## What is expected
Restate all of the records below exactly. Do not carry over any image.

## Extracted data

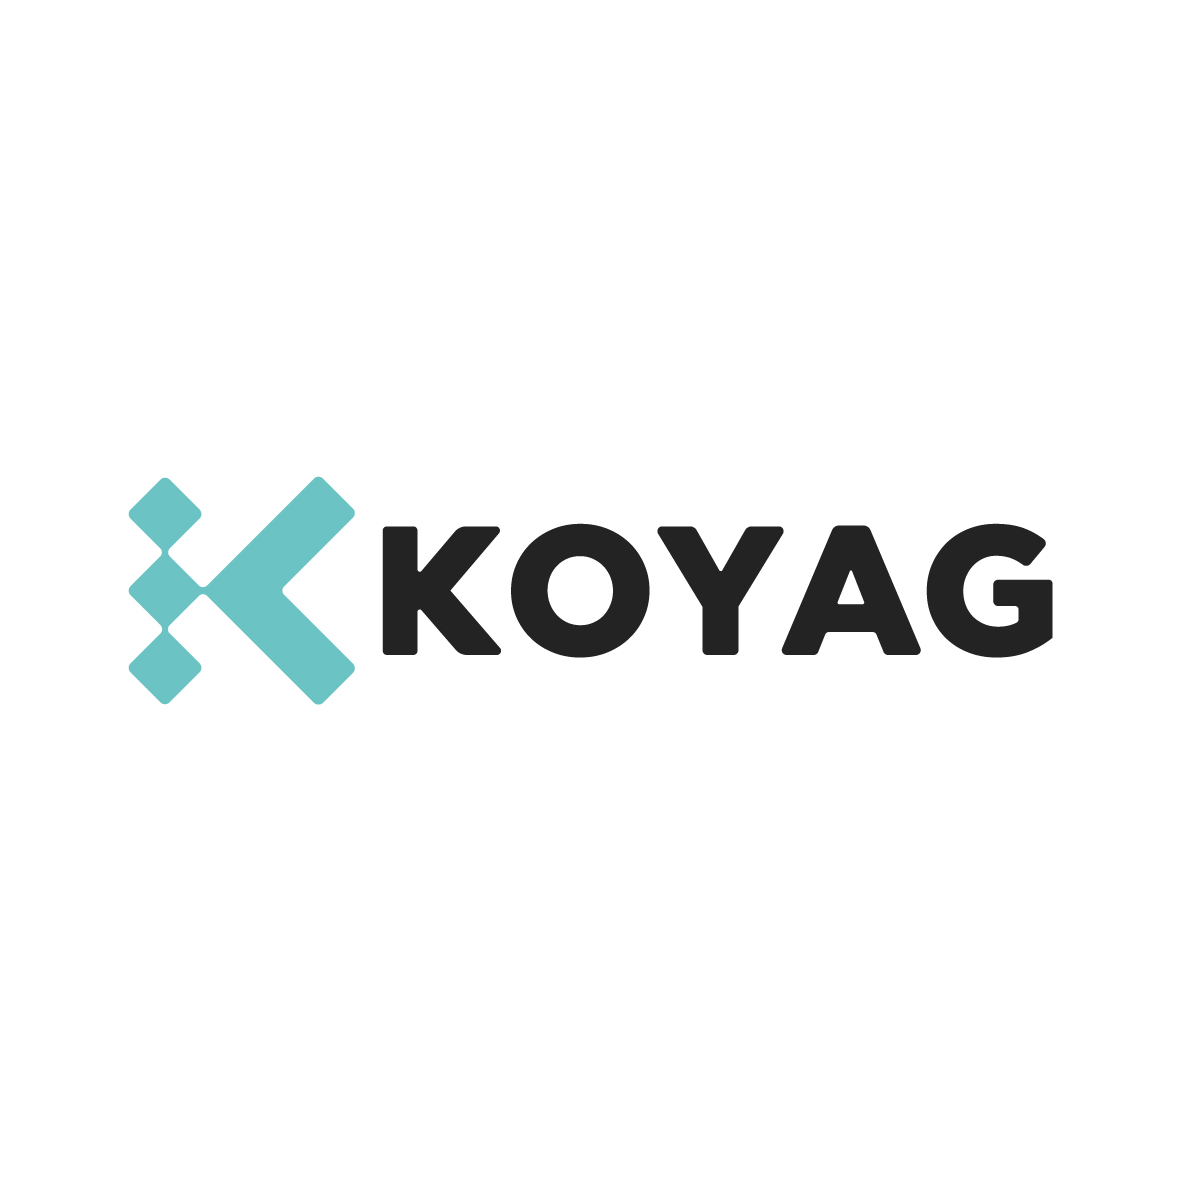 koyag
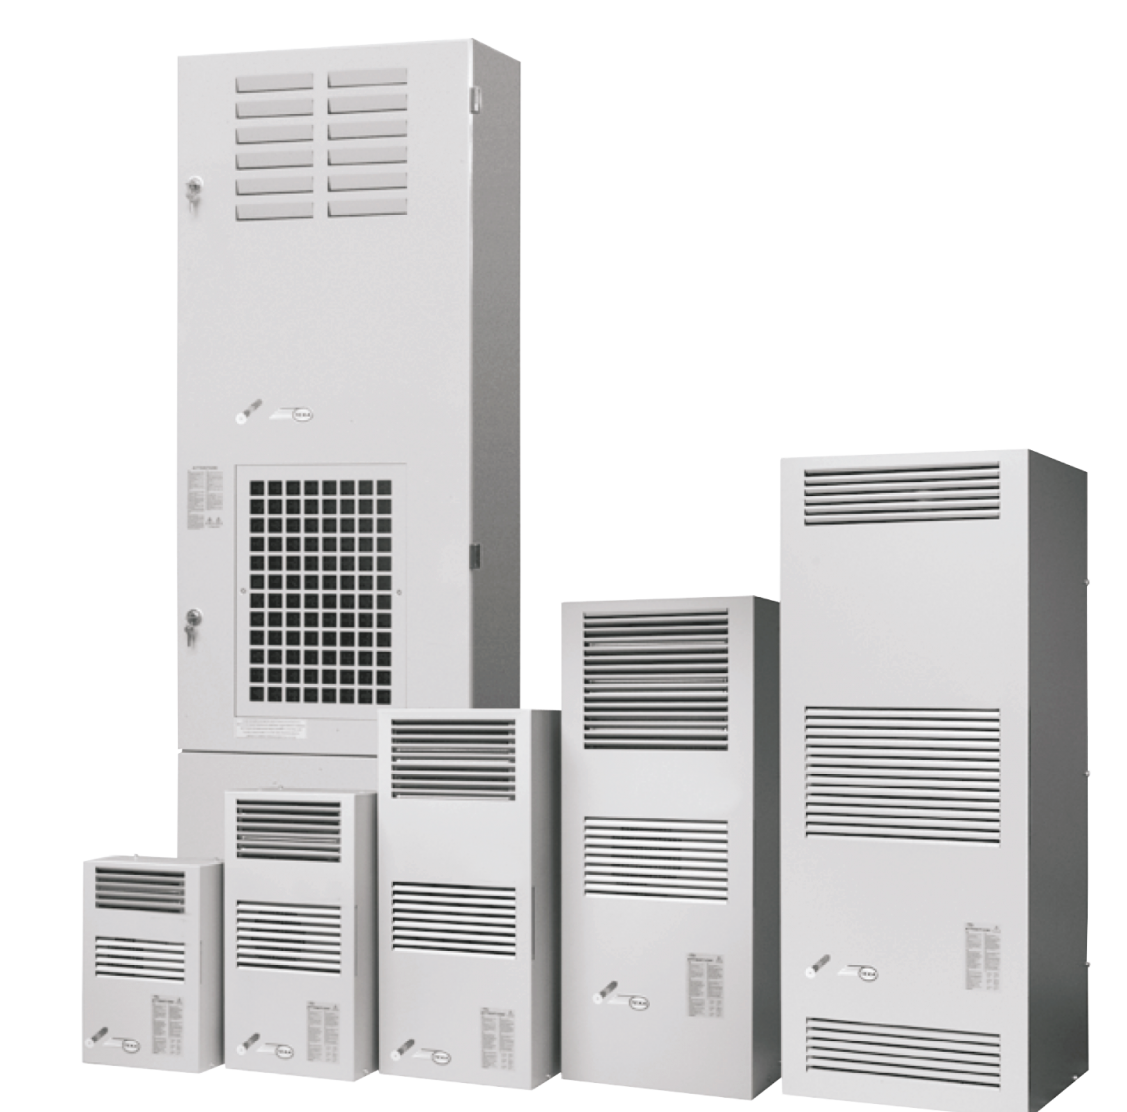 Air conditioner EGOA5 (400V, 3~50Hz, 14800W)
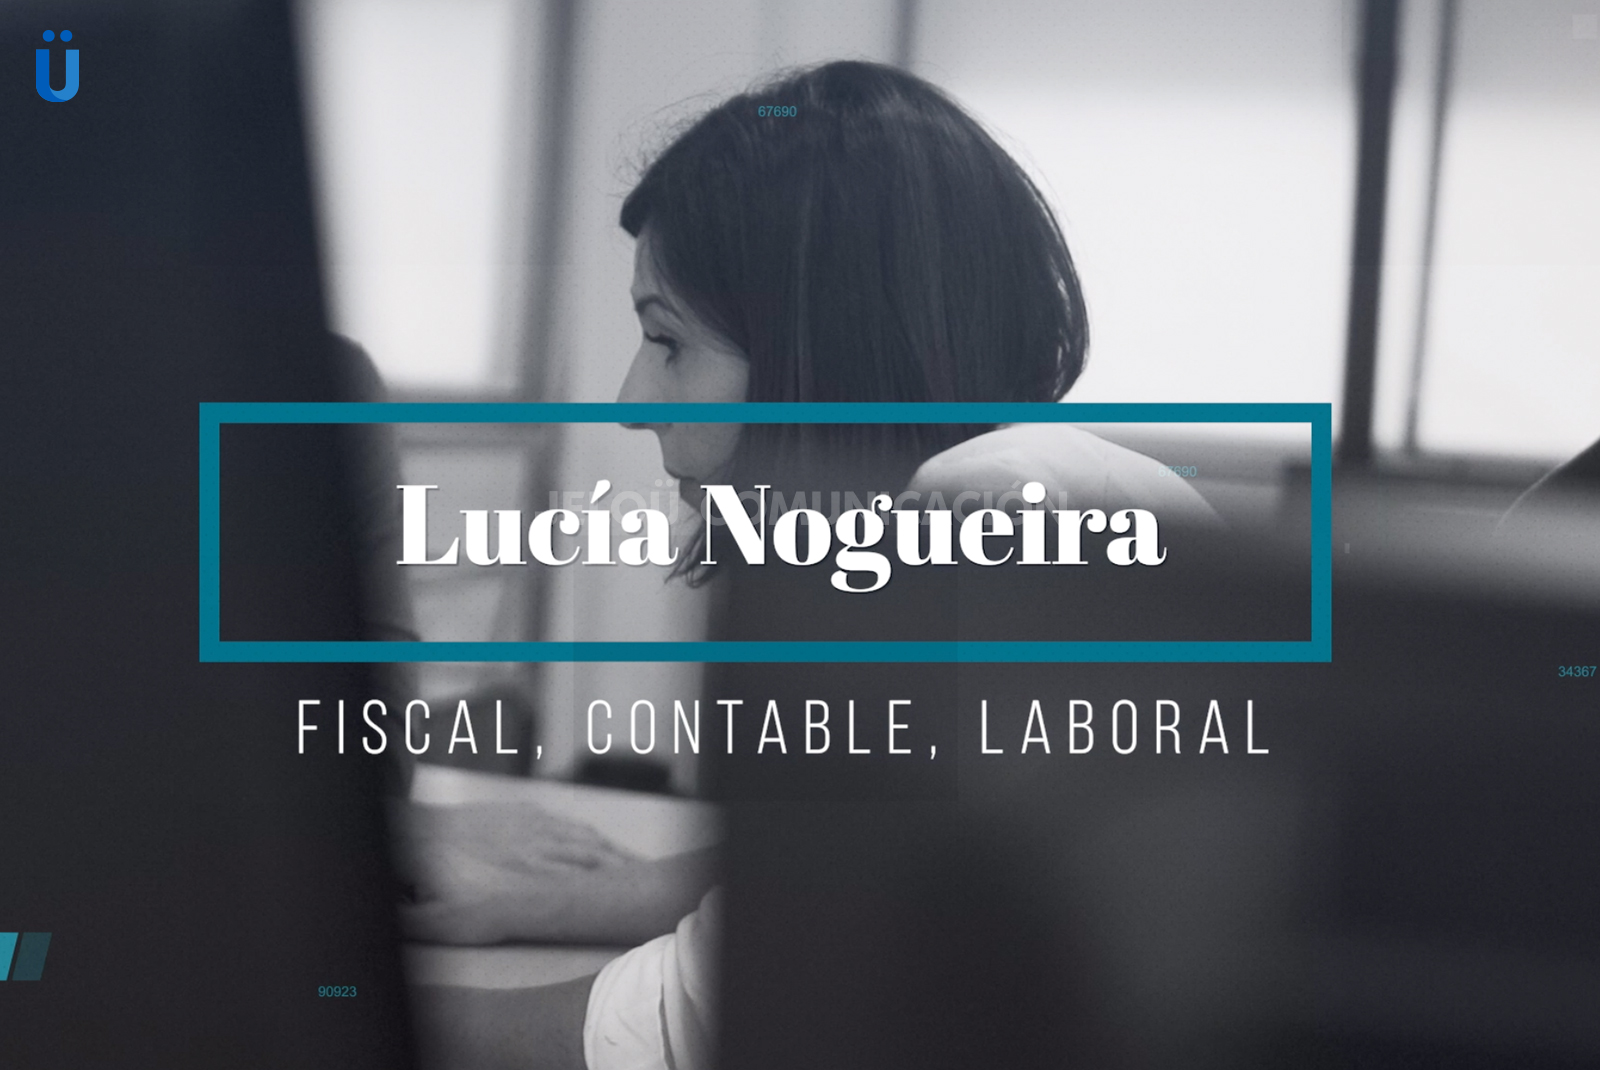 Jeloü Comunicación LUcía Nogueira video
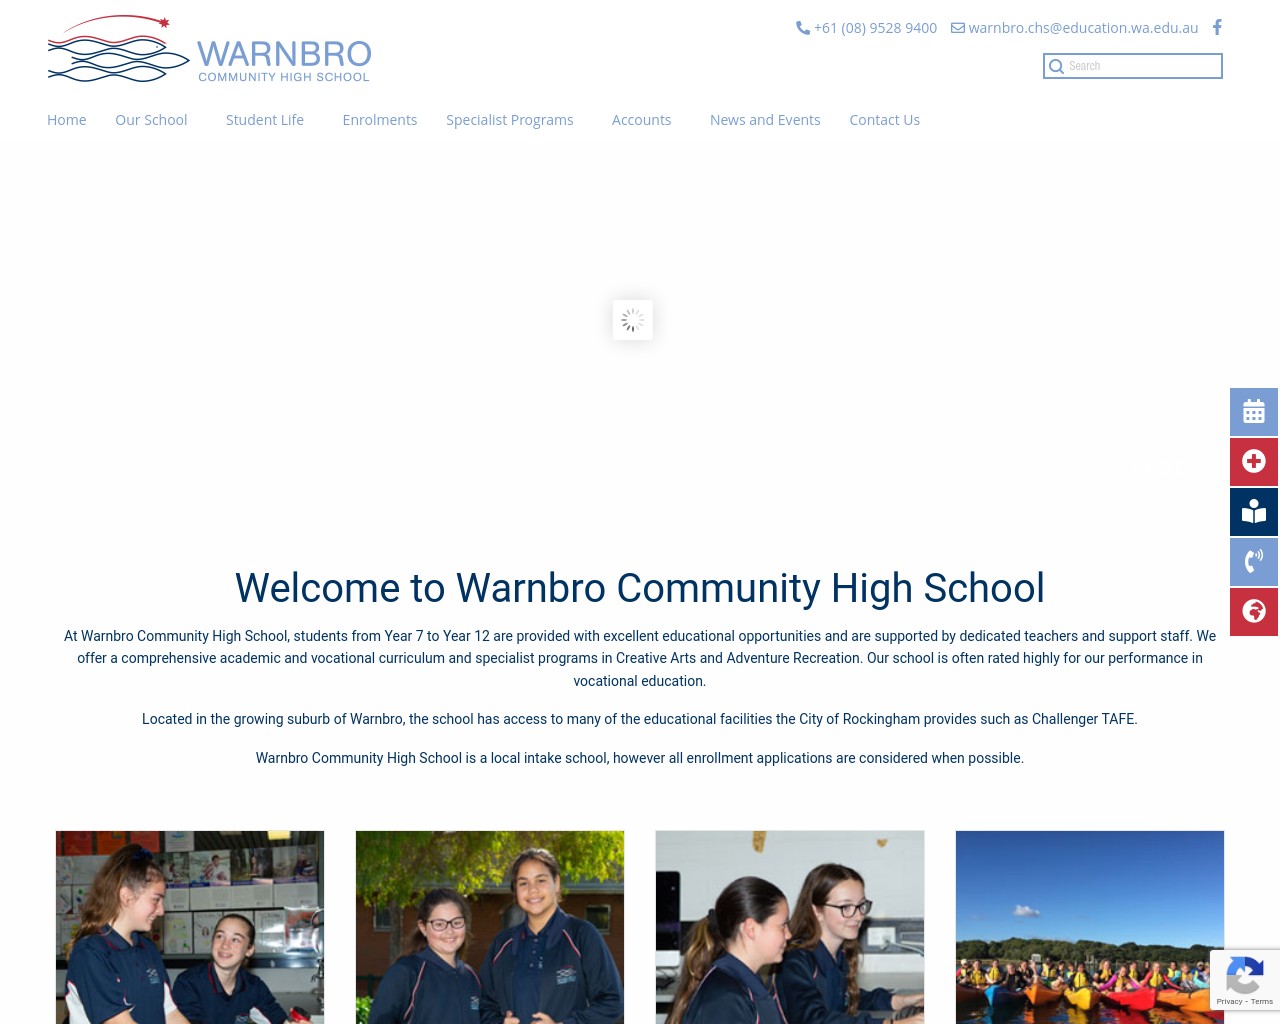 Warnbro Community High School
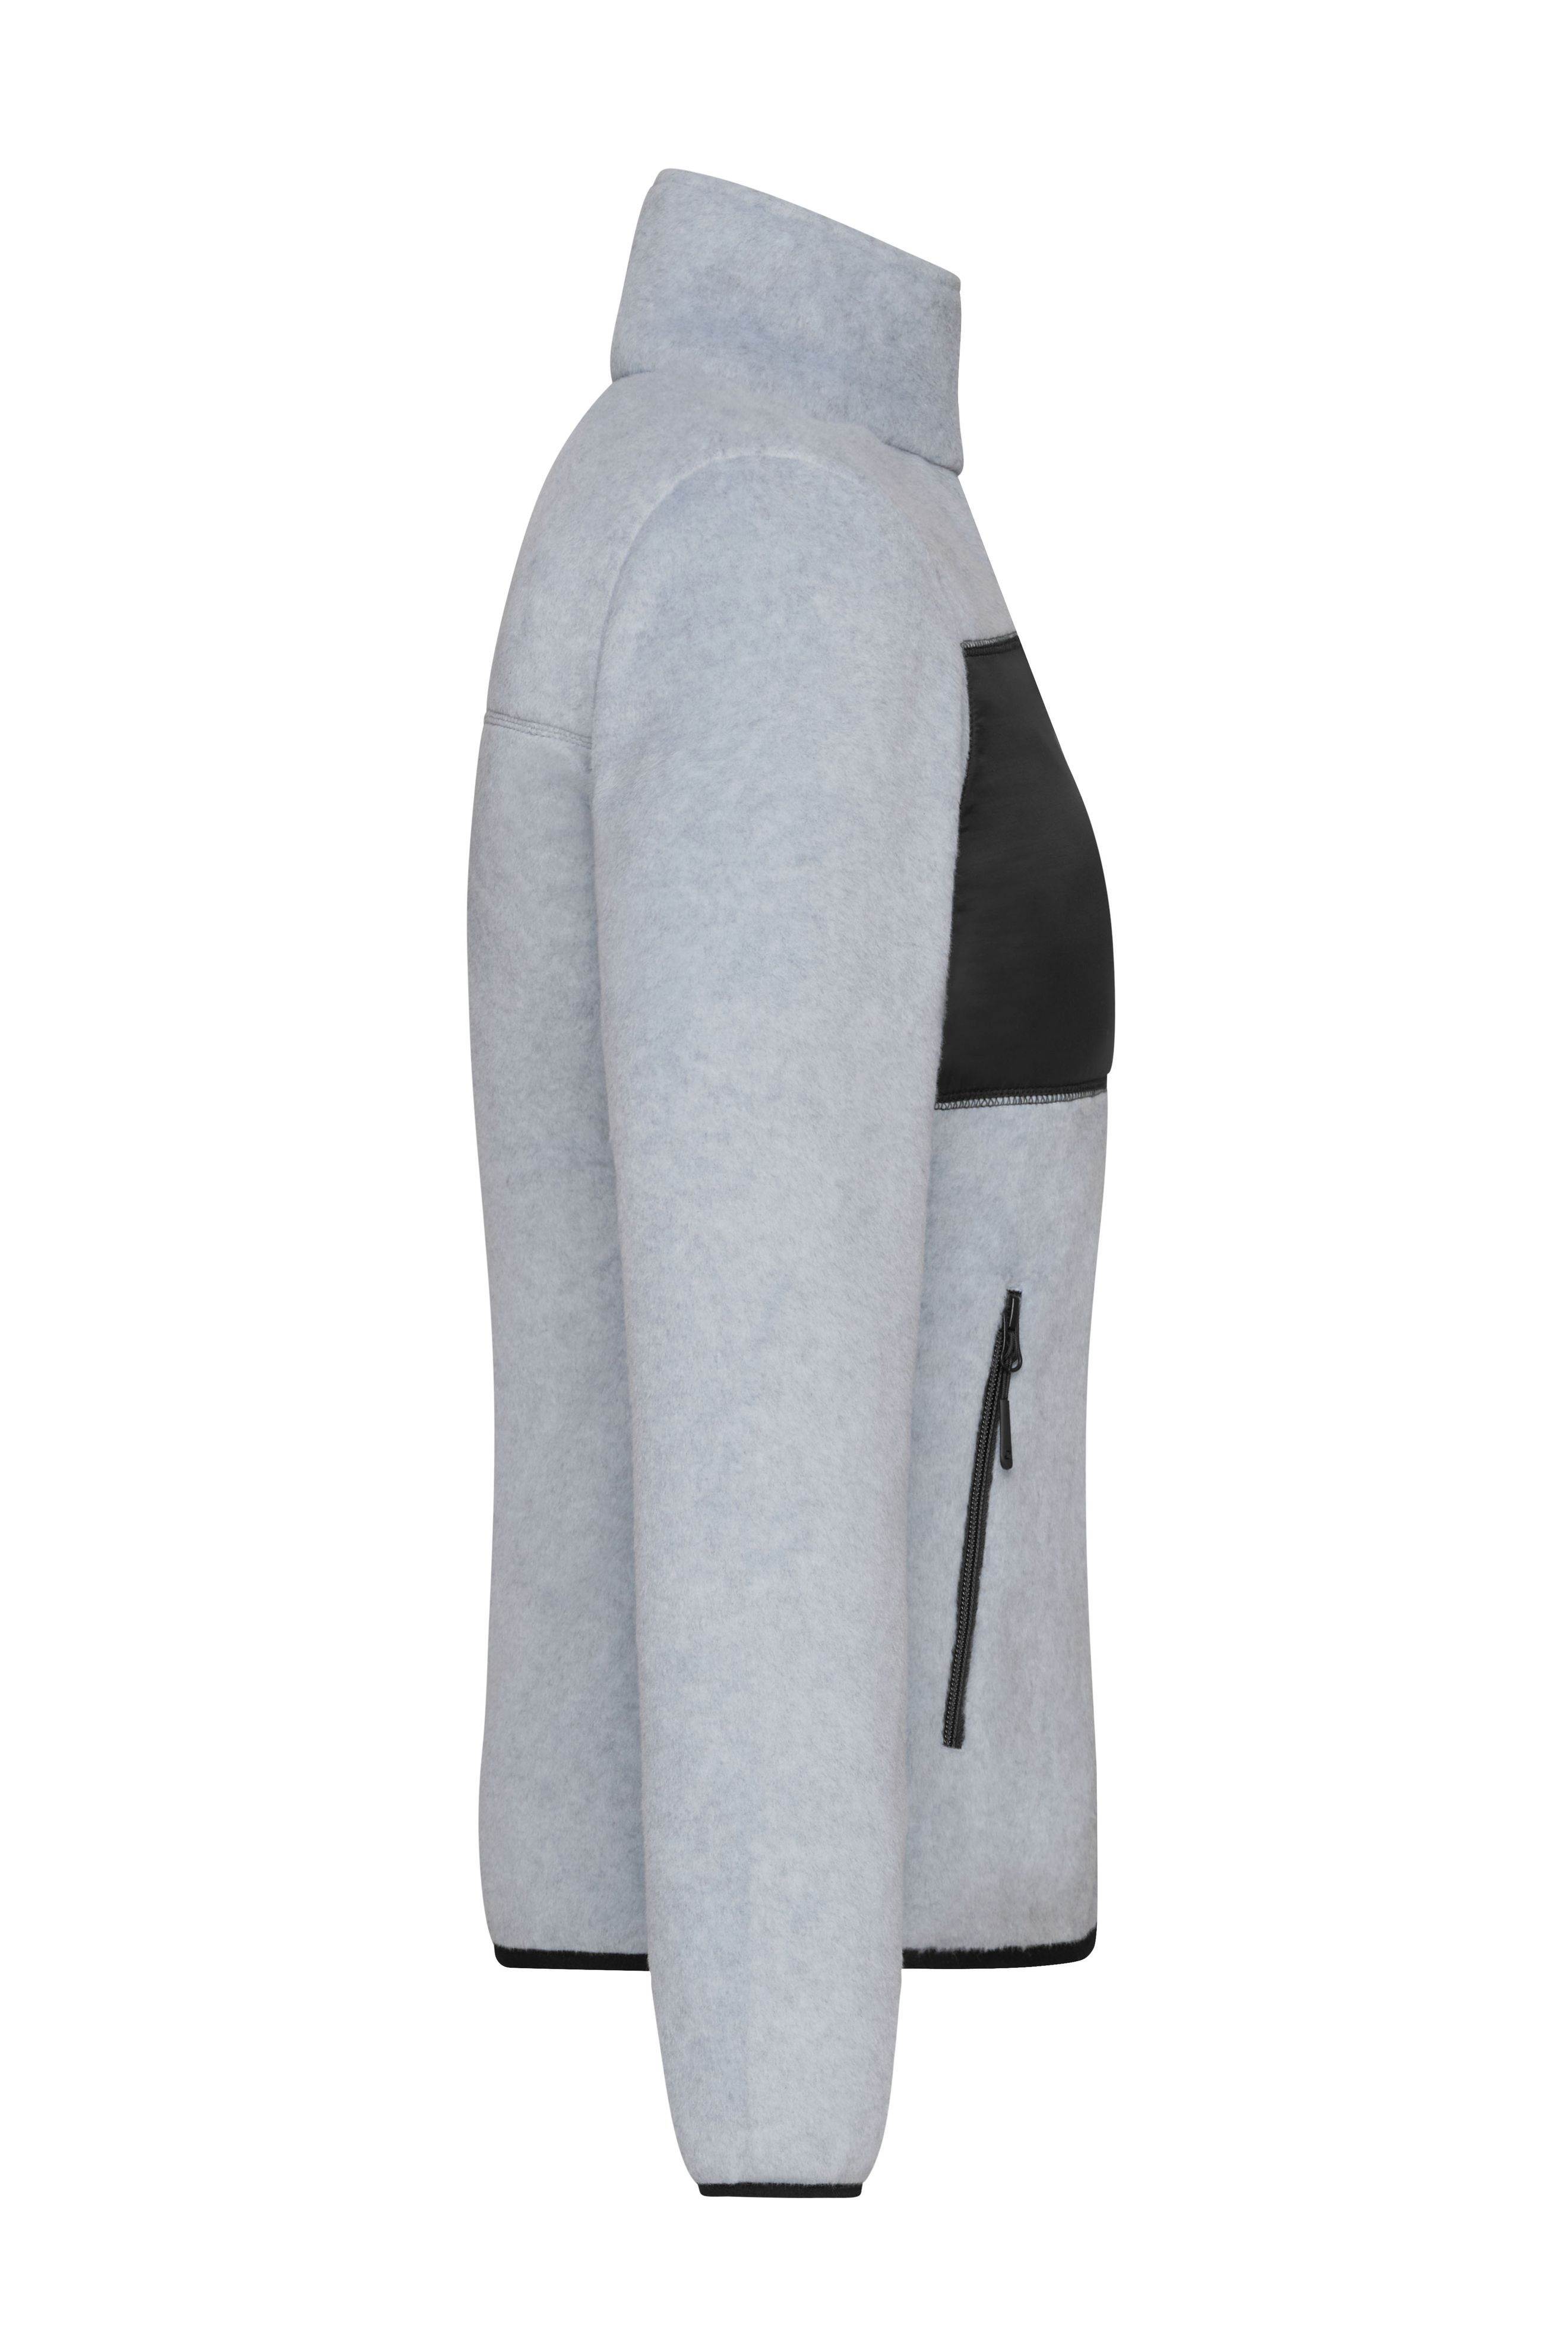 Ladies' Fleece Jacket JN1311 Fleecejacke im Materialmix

## Solution to this task
 koyag
 Air conditioner EGOA5 (400V, 3~50Hz, 14800W)
 Jeloü Comunicación LUcía Nogueira video
 Warnbro Community High School
 Ladies' Fleece Jacket JN1311 Fleecejacke im Materialmix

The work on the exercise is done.